___ DATA ___

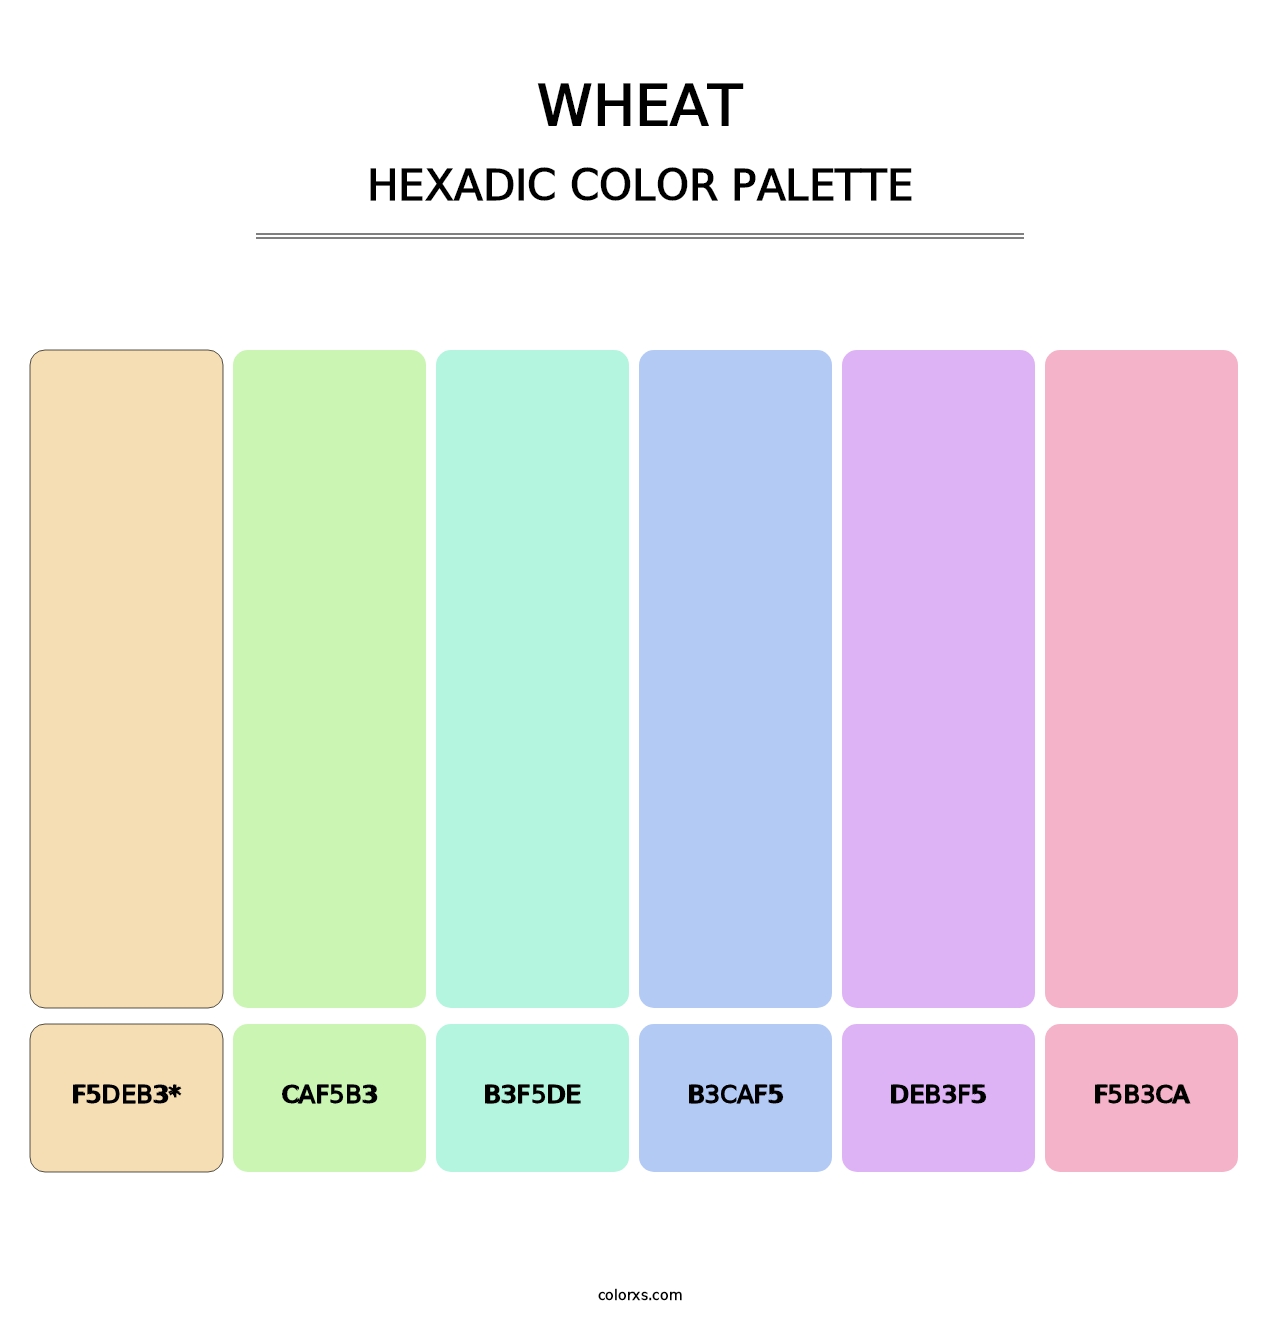 Wheat - Hexadic Color Palette
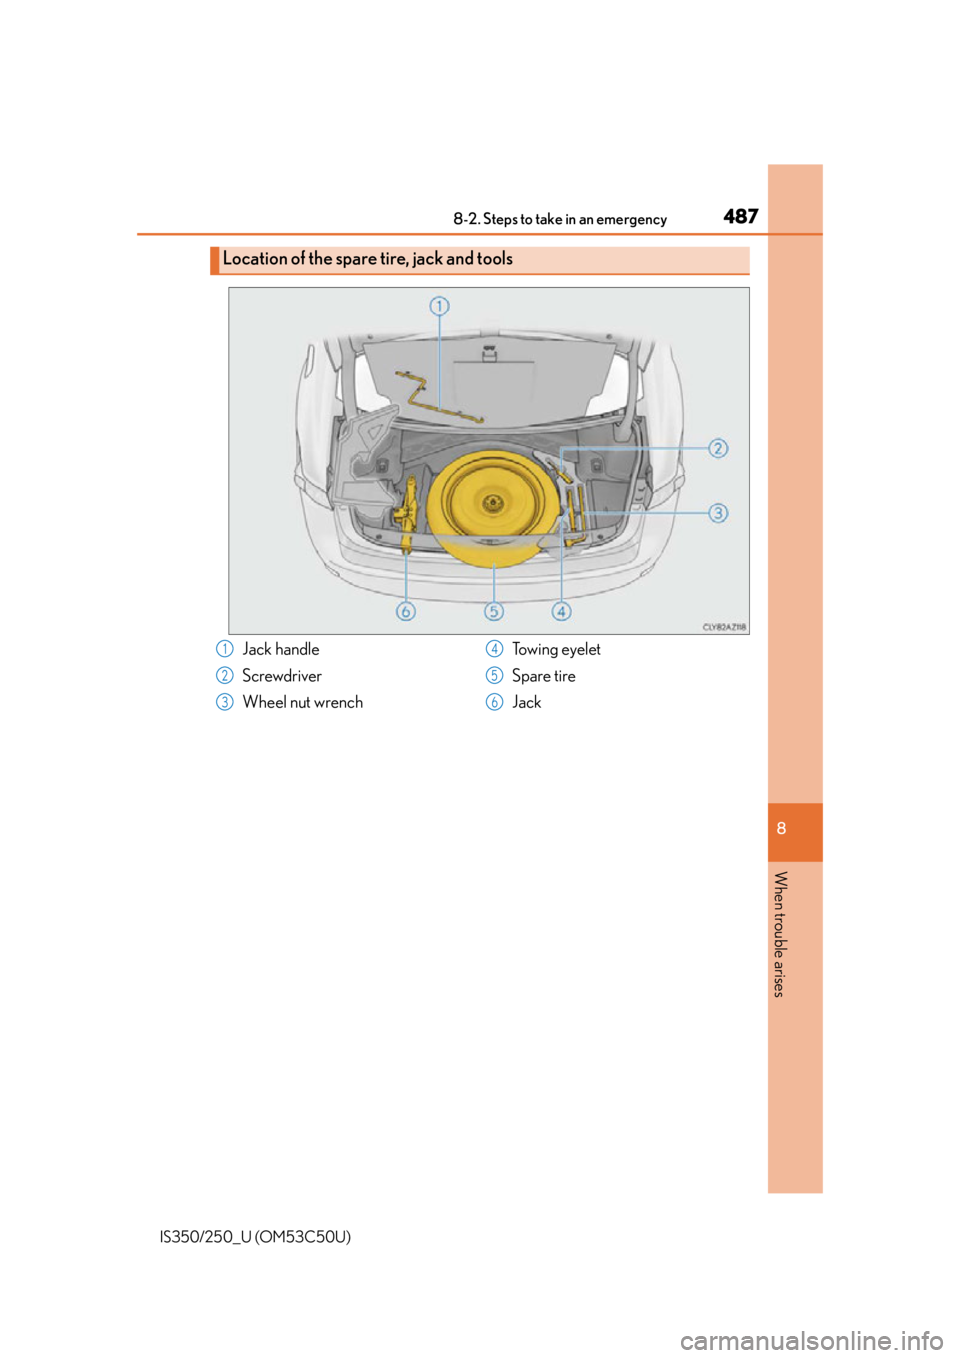 Lexus IS250 2015  Steering wheel / LEXUS 2015 IS250/350 OWNERS MANUAL (OM53C50U) 4878-2. Steps to take in an emergency
8
When trouble arises
IS350/250_U (OM53C50U)
Location of the spare tire, jack and tools
Jack handle
Screwdriver
Wheel nut wrenchTowing eyelet
Spare tire
Jack1
2
3

___

WORK ITEM. Look above for the line that contains "Location of the spare tire, jack and tools". That line and every line after it through the end of the data must be written out exactly, with nothing else.

ANSWER BOX.
Location of the spare tire, jack and tools
Jack handle
Screwdriver
Wheel nut wrenchTowing eyelet
Spare tire
Jack1
2
3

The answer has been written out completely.